De acordo com Claudeney Pereira, ex-presidente da Associação Comunitária dos Piscicultores e Aquicultores de Cachoeira e Região, que mantém o projeto de piscicultura no local, em conversa com a reportagem do Portal Aquiconectados, o desastre ambiental está ligado diretamente ao fato de ter havido a chamada inversão térmica da temperatura da água, ocasionada por conta da recarga hídrica ocorrida este ano, quando uma área extensa de vegetação foi encoberta pela água. Como consequência o apodrecimento dessa vegetação causou a falta de oxigênio, provocando as mortes.

 

Segundo adiantou À nossa reportagem Claudeney Pereira, O fenômeno natural atingiu diretamente a espécie em suas fases pré-engorda e engorda; momento este em que o peixe já pesa acima de meio quilo.

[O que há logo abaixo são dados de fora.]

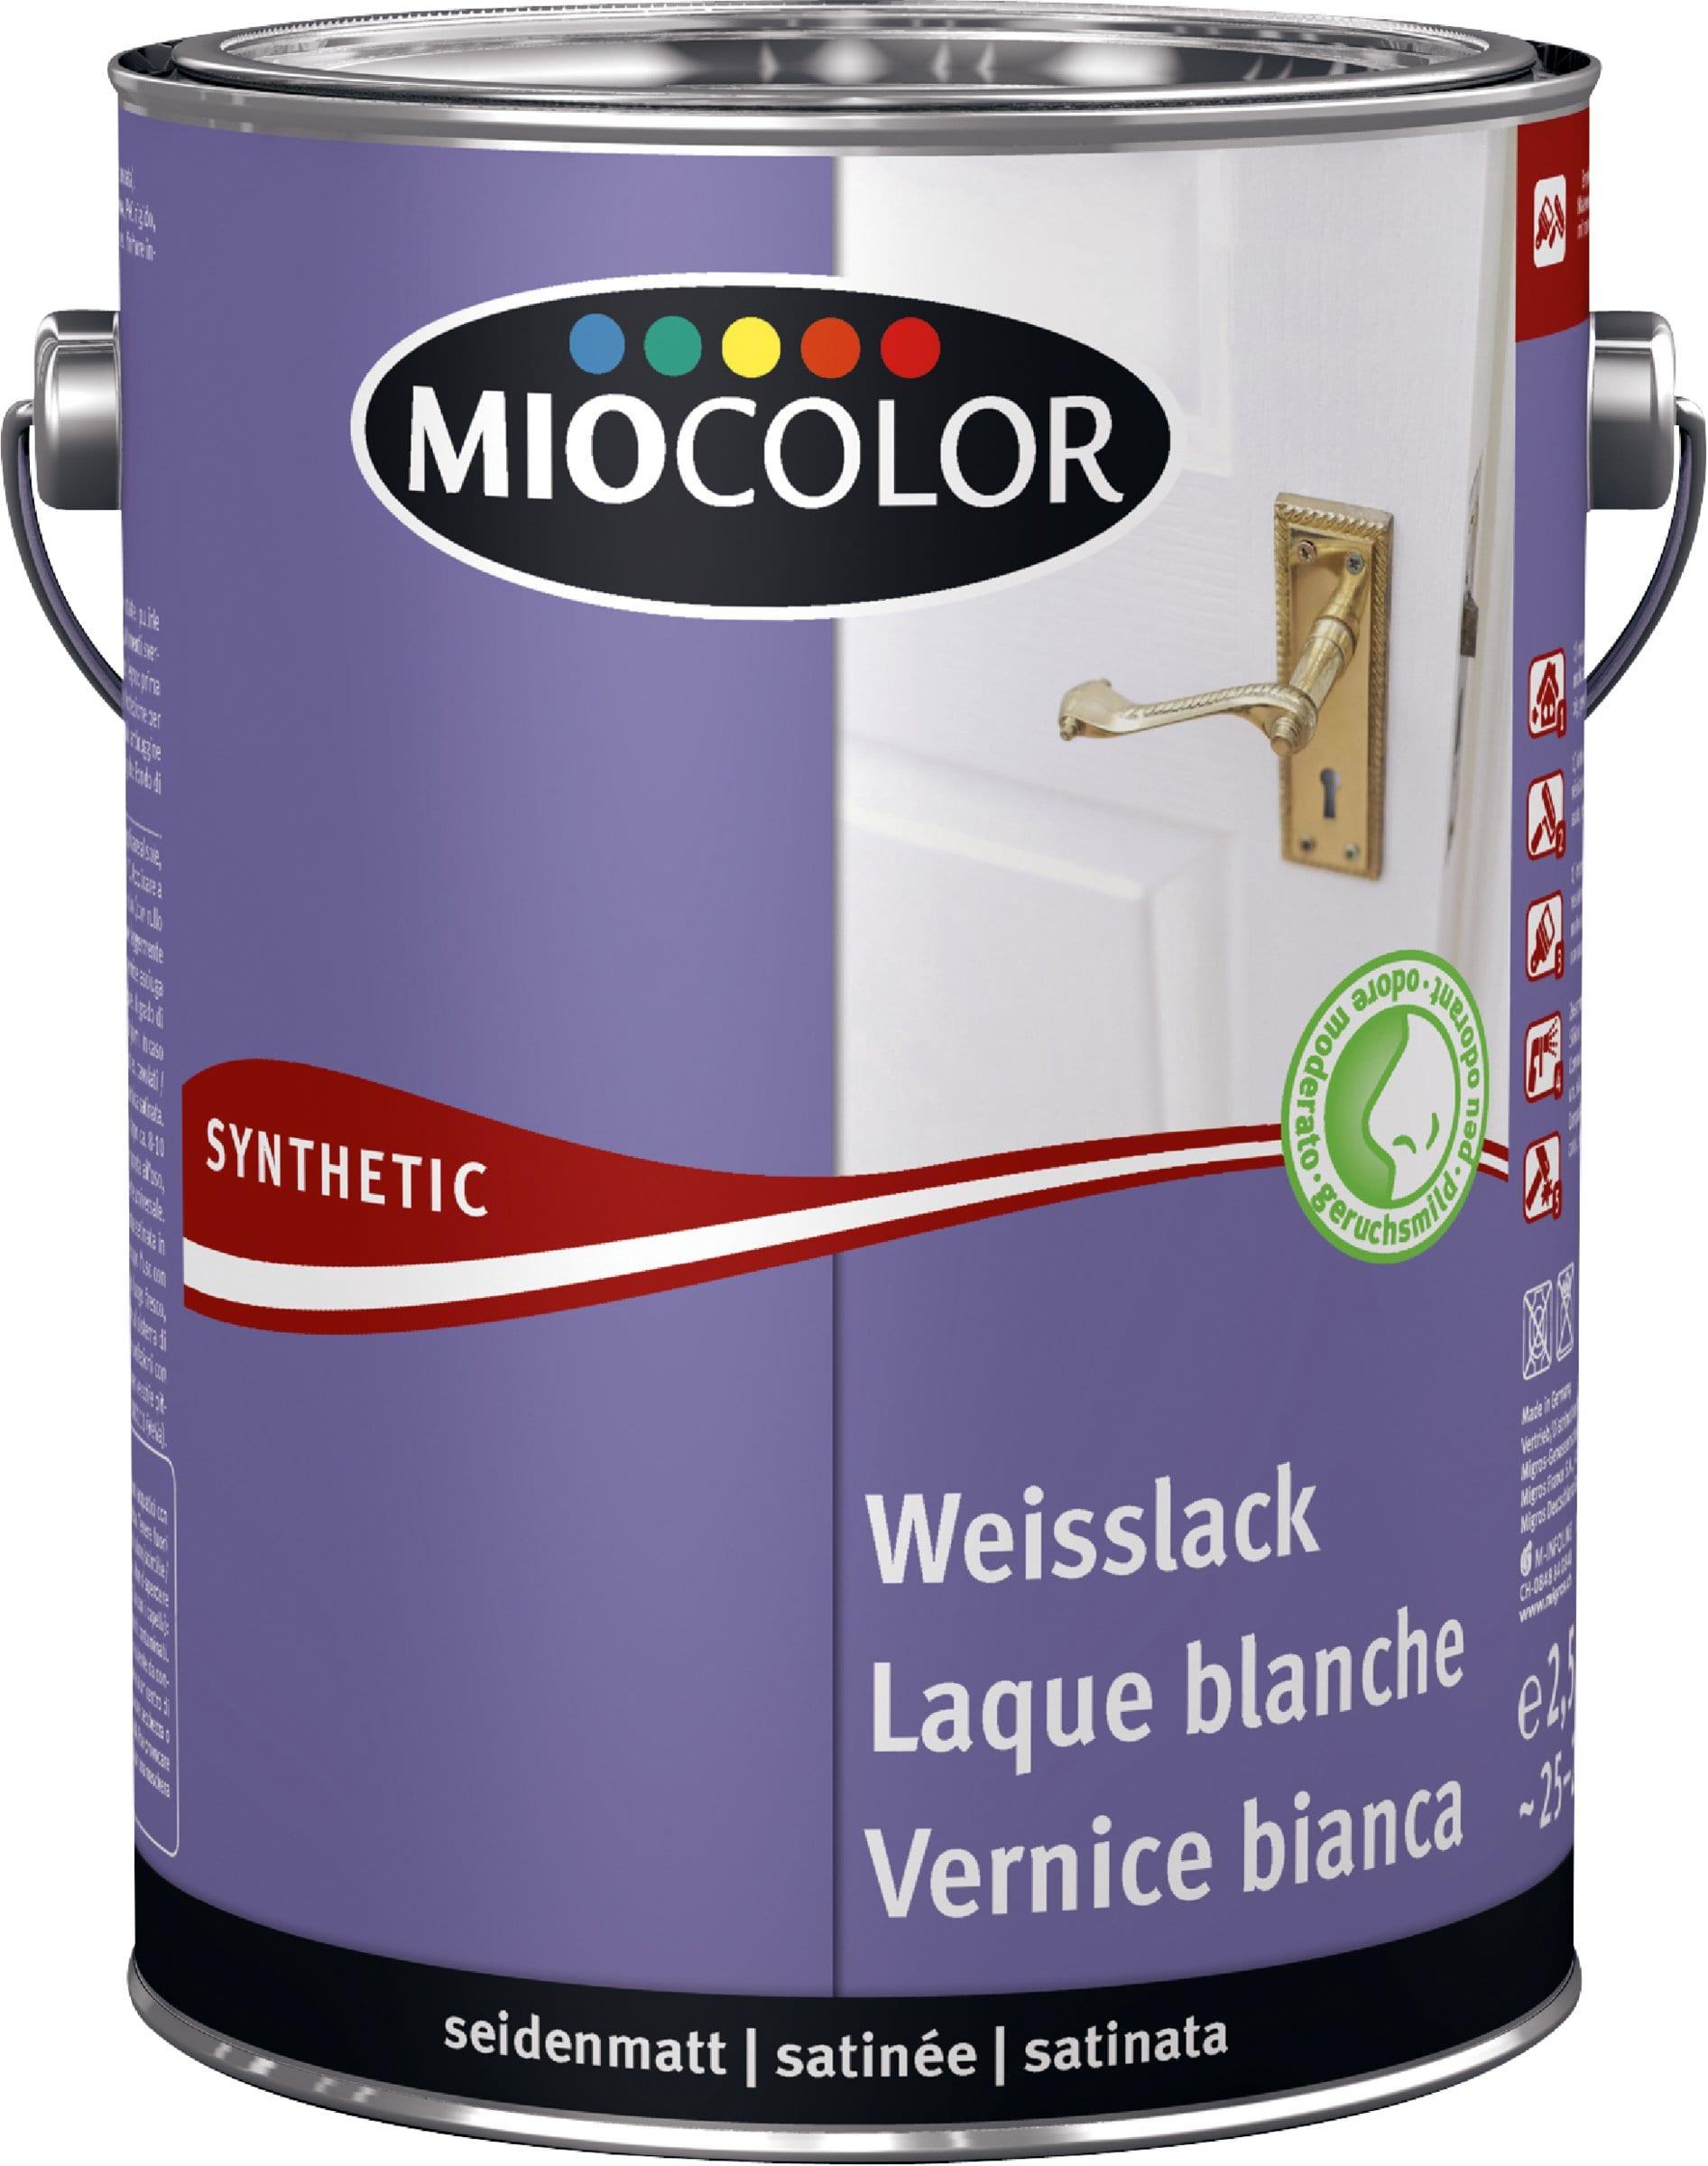 Pittura Resistente Ai Graffi miocolor vernice sintetica bianca satinata opaca bianco 2.5 l

Não foram atingidos os peixes nas fases Alevino (filhote), pré-juvenil e juvenil, quando o peixe ainda está pequeno. Atualmente os criadores do Açude Cachoeira além de fornecerem a carne para consumo local, já exportam para a capital Fortaleza.

 

Os peixes são todos da espécie tilápia, e são criados em tanques-rede.  (Foto: Claudeney Pereira)

Os peixes são todos da espécie tilápia, e são criados em tanques-rede. (Foto: Claudeney Pereira)

 

De acordo com levantamento informal preliminar, os prejuízos podem ultrapassar os R$ 80.000,00 (oitenta mil reais). A perda atinge em cheio ao menos 11 criadores, envolvidos neste lote e que contraíram empréstimos financeiros para custear a criação. Das 120 gaiolas de peixes, cerca de 65 registraram mortes.

 

“O cenário é desolador, dar pena ver um trabalho de seis meses acabar dessa forma”, disse um dos criadores. Uma máquina da prefeitura finalizou na manhã desta quarta-feira o carregamento de toda a espécie morta.

 

O trabalho de retirada de toda a espécie morta precisou ser acelerada, contando com a participação de vários voluntários da comunidade, já que o manancial é responsável pelo abastecimento humano de toda a sede do município. A população abastecida com o liquido não será prejudicada.

 

Um técnico da Ematerce, responsável pelo acompanhamento do projeto é aguardado para realizar um levantamento para apontar detalhadamente o tamanho do prejuízo causado no local.